Art and Hair


Aug 16, 2012

I spent a few hours on art so I thought I might spend a few minutes writing about it and sharing it. The first one I worked on was 3D hair in Blender. A while back I learned how to use the Cycles render in Blender which makes very nice looking renders for 3D models made in Blender. My proof of concept was a beautiful bucket of water splashing on a cube. It worked [195kB]. So what could I do that would be more practical? Wet t-shirt contest? Not yet. Instead I've always wanted to render hair in real-time like the Final Fantasy series. I've had troubles even getting the look right. It turns out that Blender is quite good at rendering hair. My hair [296kB] looks a lot less awesome than their hair, but the physics and mesh is absolutely perfect. How did I make my hair? I took a plane and an icosphere. I subdivided the plane and moved the corners and middles outward. This makes a star shape.

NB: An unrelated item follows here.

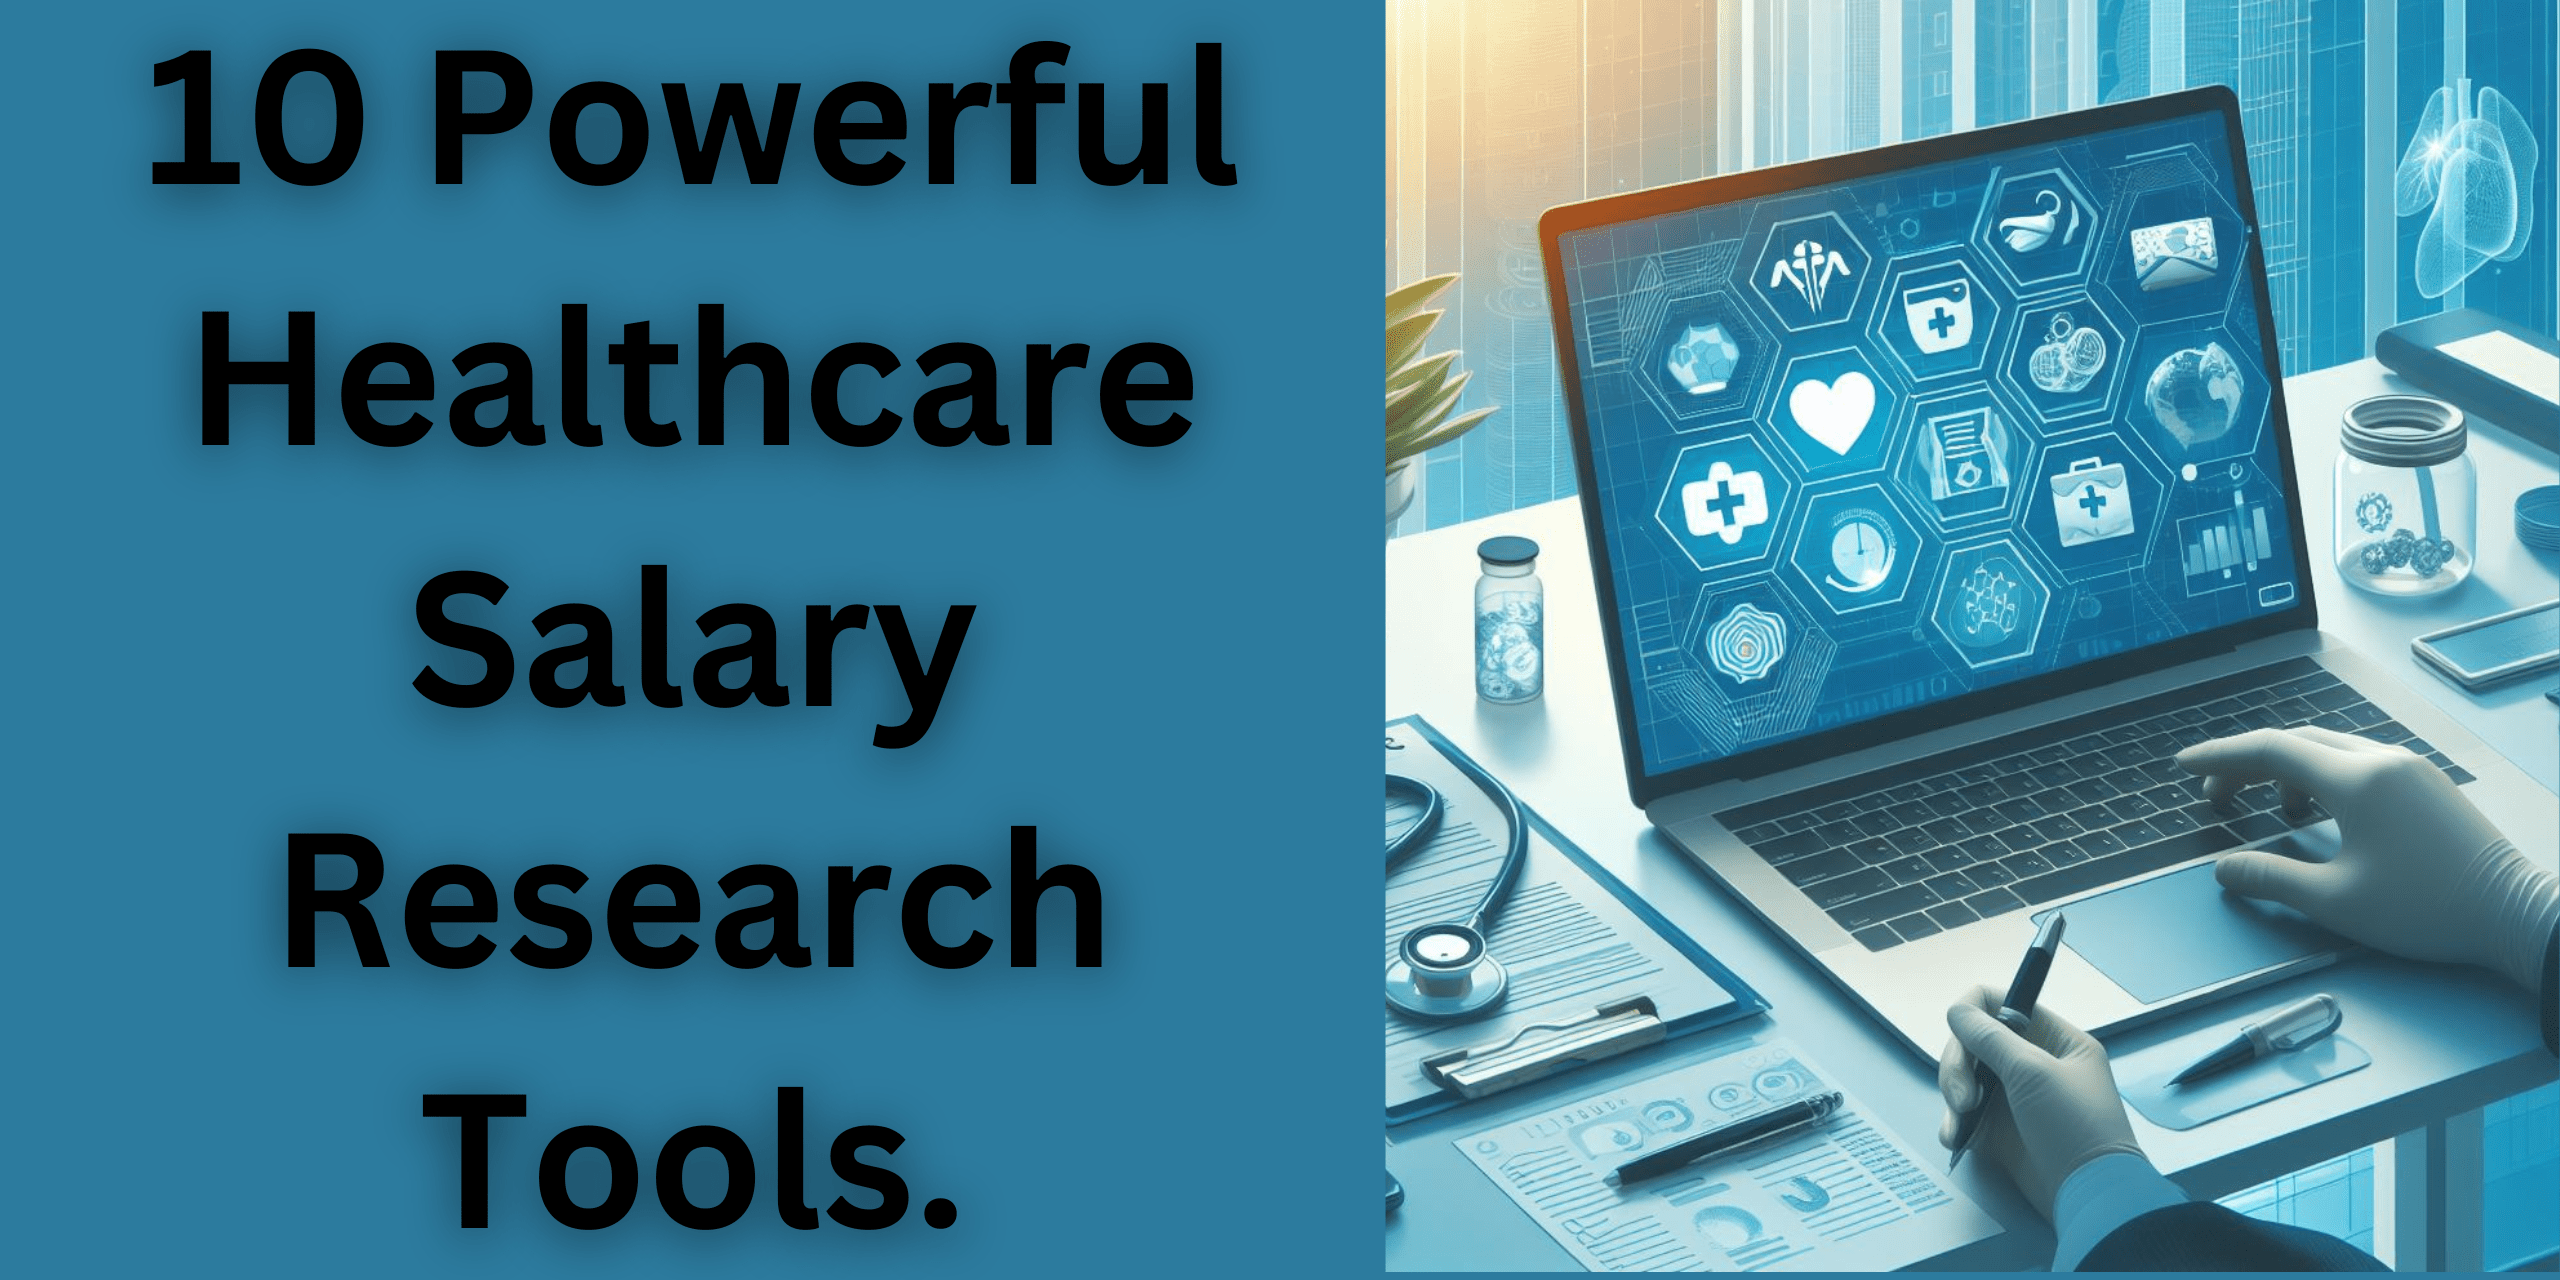 Alt="10 Powerful Healthcare Salary Research Tools"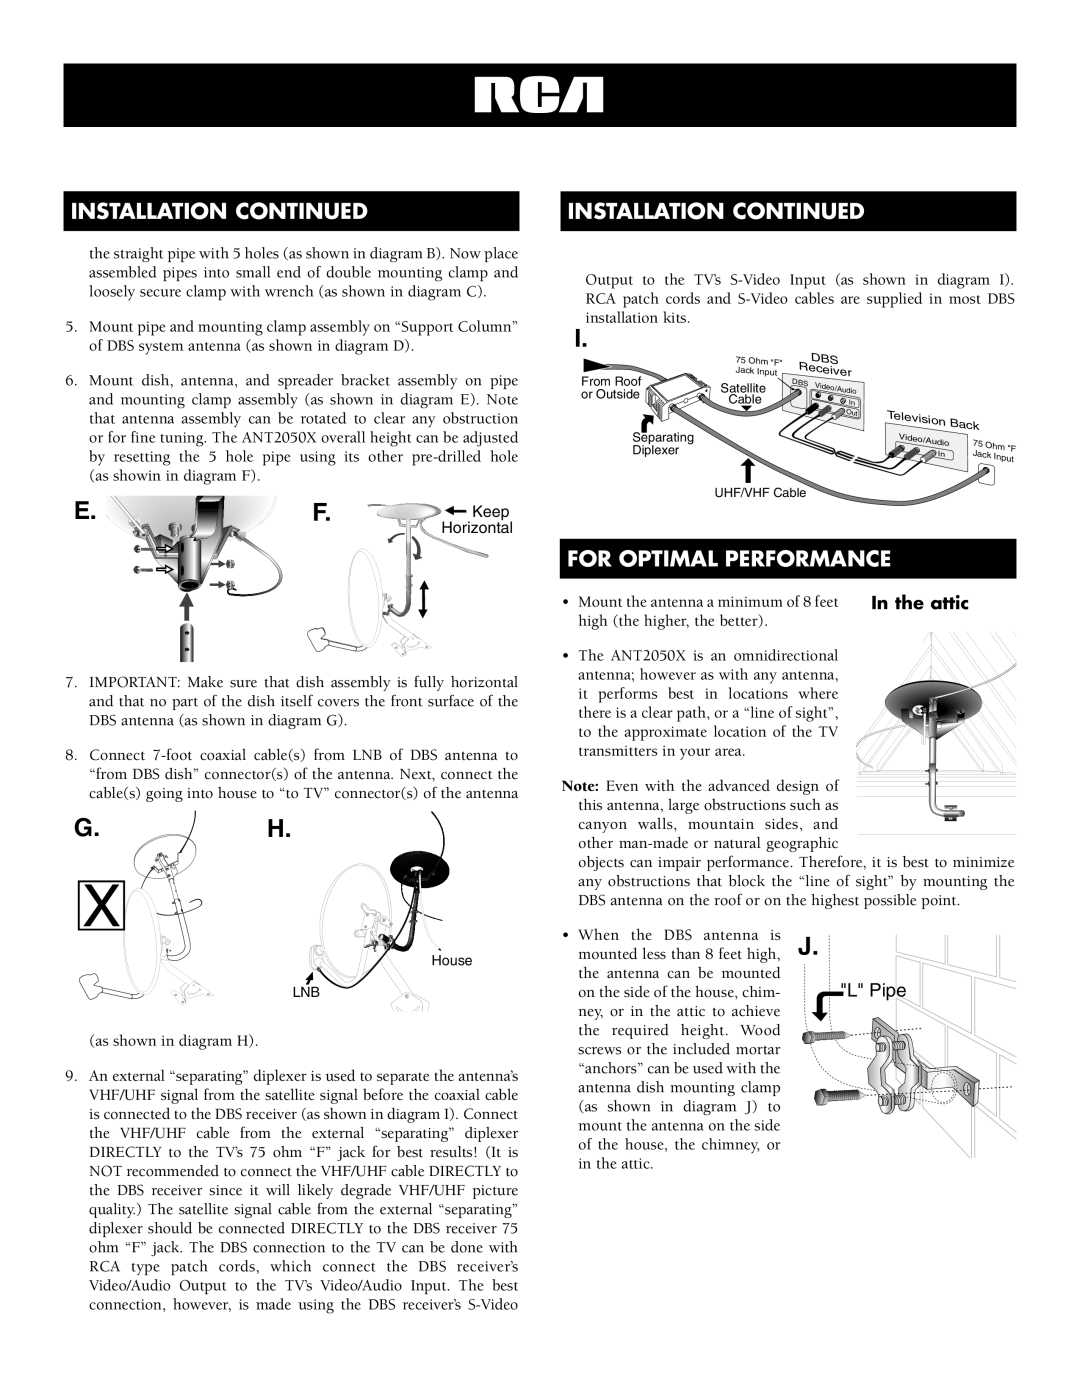 RCA ANT2050X specifications G. H, Installation Continued, For Optimal Performance, L Pipe, In the attic, Keep

I moved the outer part of the star down and I moved the middle part of the star down a bit as well. Then I made the star (now almost hair) into a cloth with 80x friction. I turn the icosphere into a collision object and start the animation. When it looks right, I stop it and apply the cloth modifier. Then I turn it into a cloth again. Then I can animate the icosphere and the hair. Simple, no? I modified my samples to 40 so that it looks a little less grainy. Samples is a very important part of Cycles and can be found in the render tab under the Integrator section. If you set samples to 10000, it will take a long long time to render. Artists often set this fairly high for their end product.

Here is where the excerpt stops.